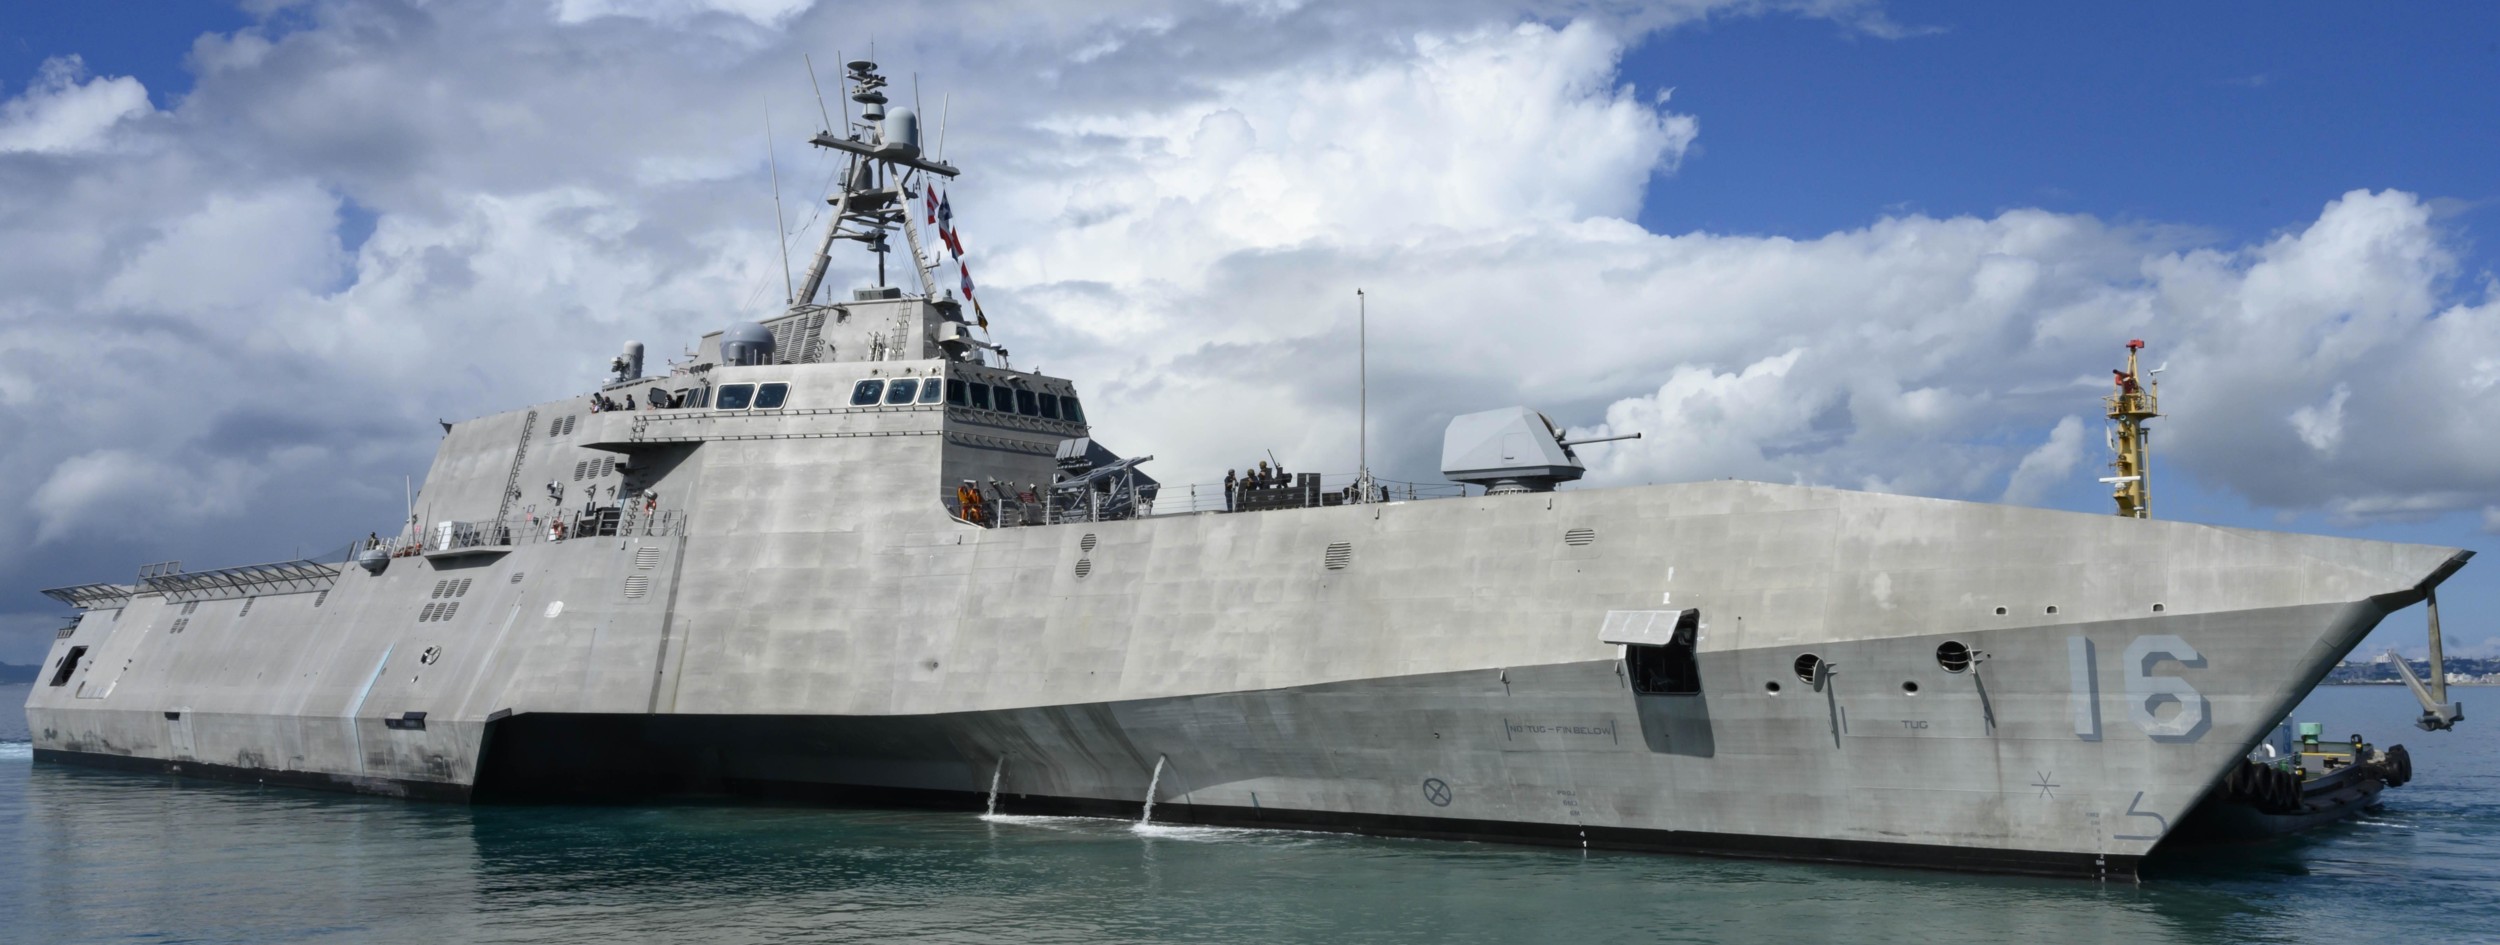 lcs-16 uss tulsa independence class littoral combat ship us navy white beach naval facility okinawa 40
...
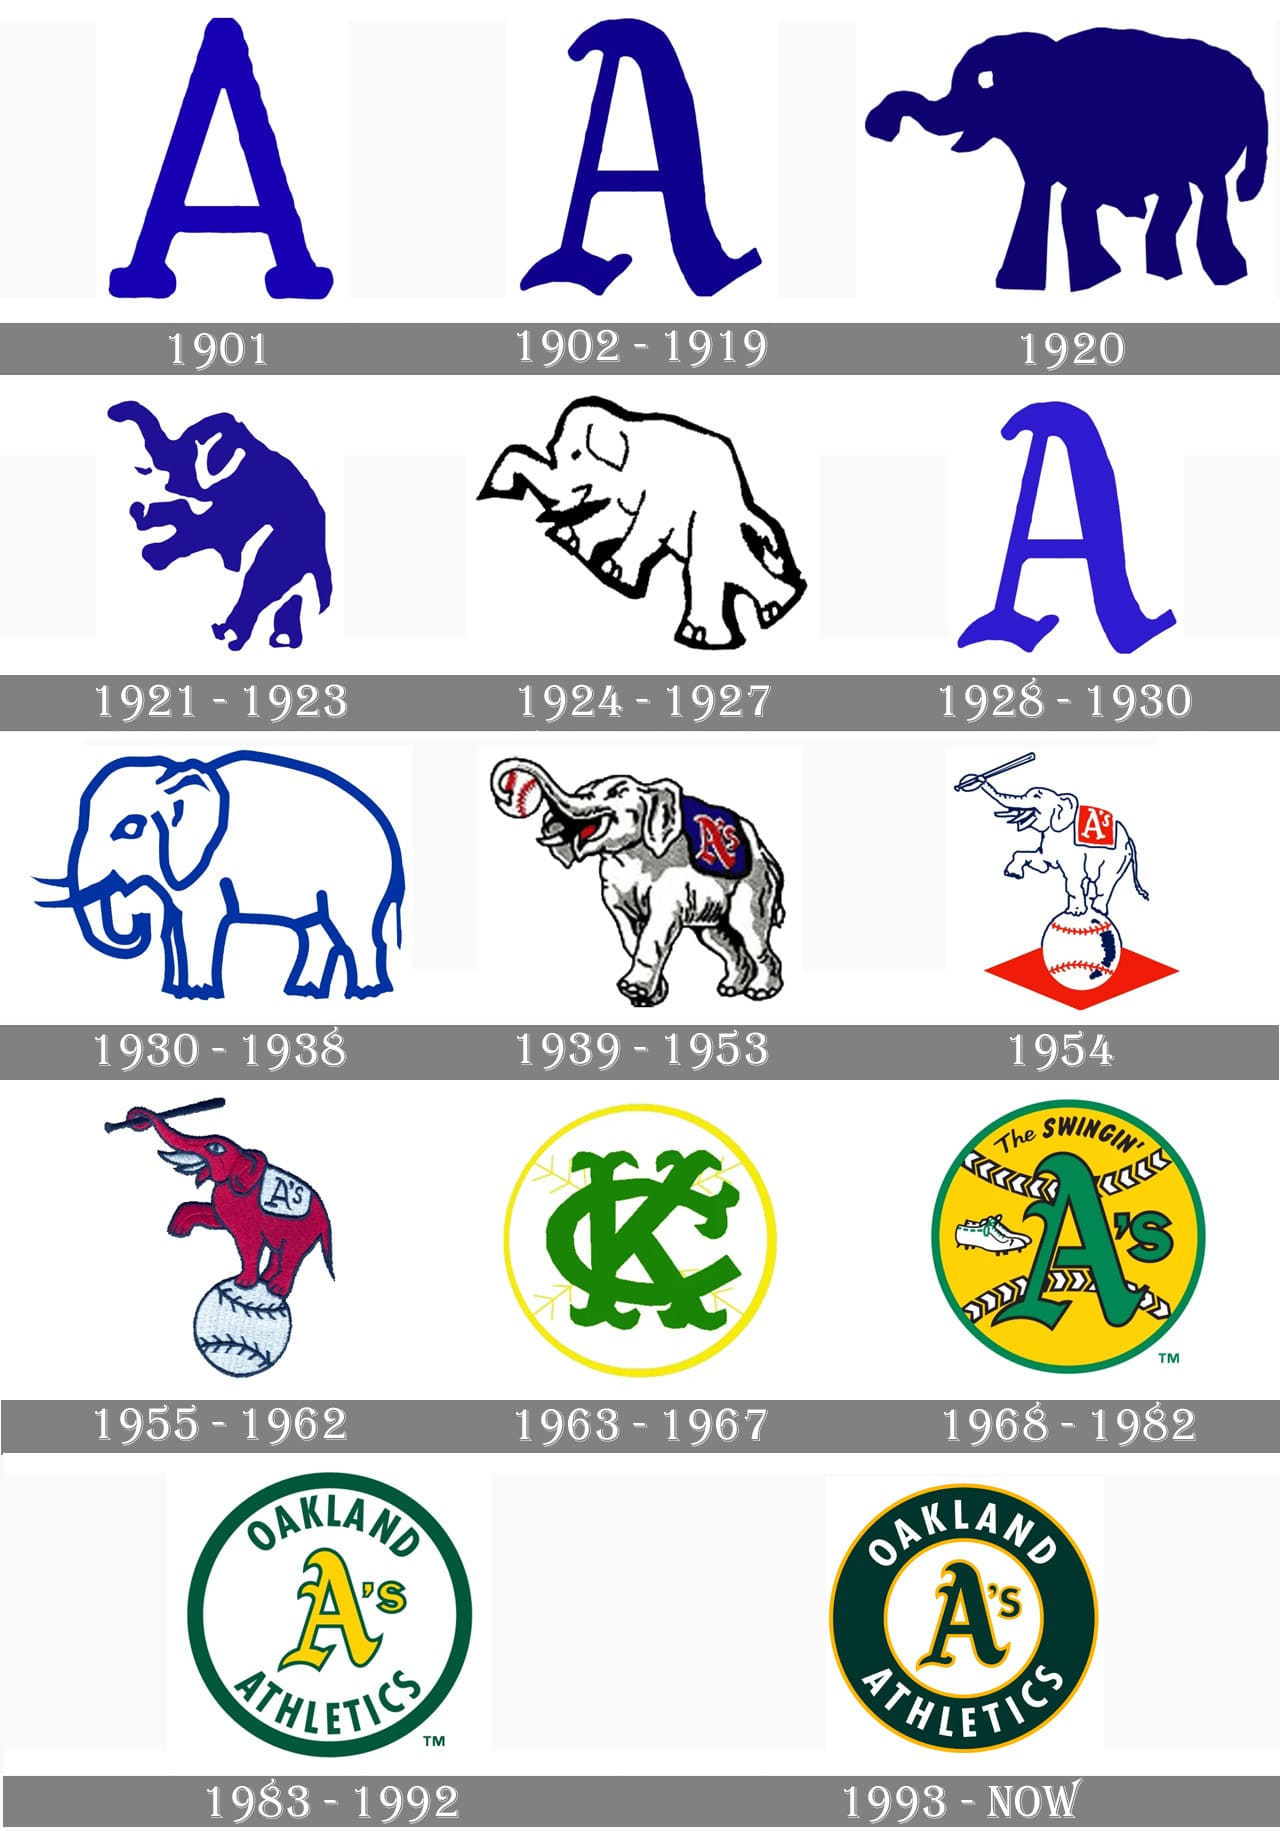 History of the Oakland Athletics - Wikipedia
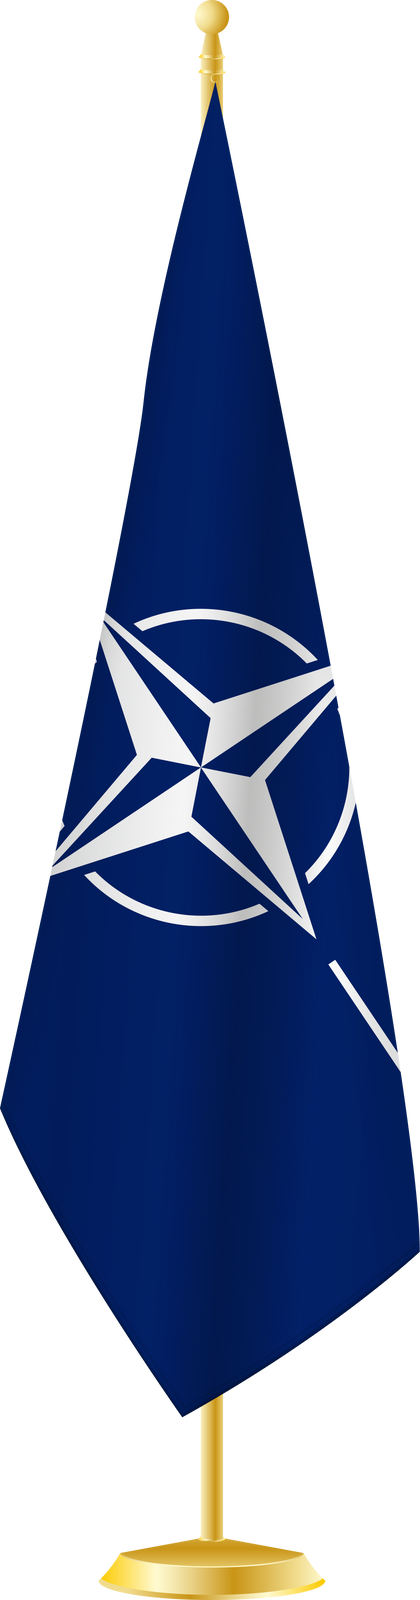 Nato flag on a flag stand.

§ **Exercise directions**
Copy nothing but the lines above from the one with "History of the Oakland Athletics - Wikipedia" to the one with "Nato flag on a flag stand.", inclusive, word for word. Leave every picture out.

§ **Expected answer**
 History of the Oakland Athletics - Wikipedia
 Nato flag on a flag stand.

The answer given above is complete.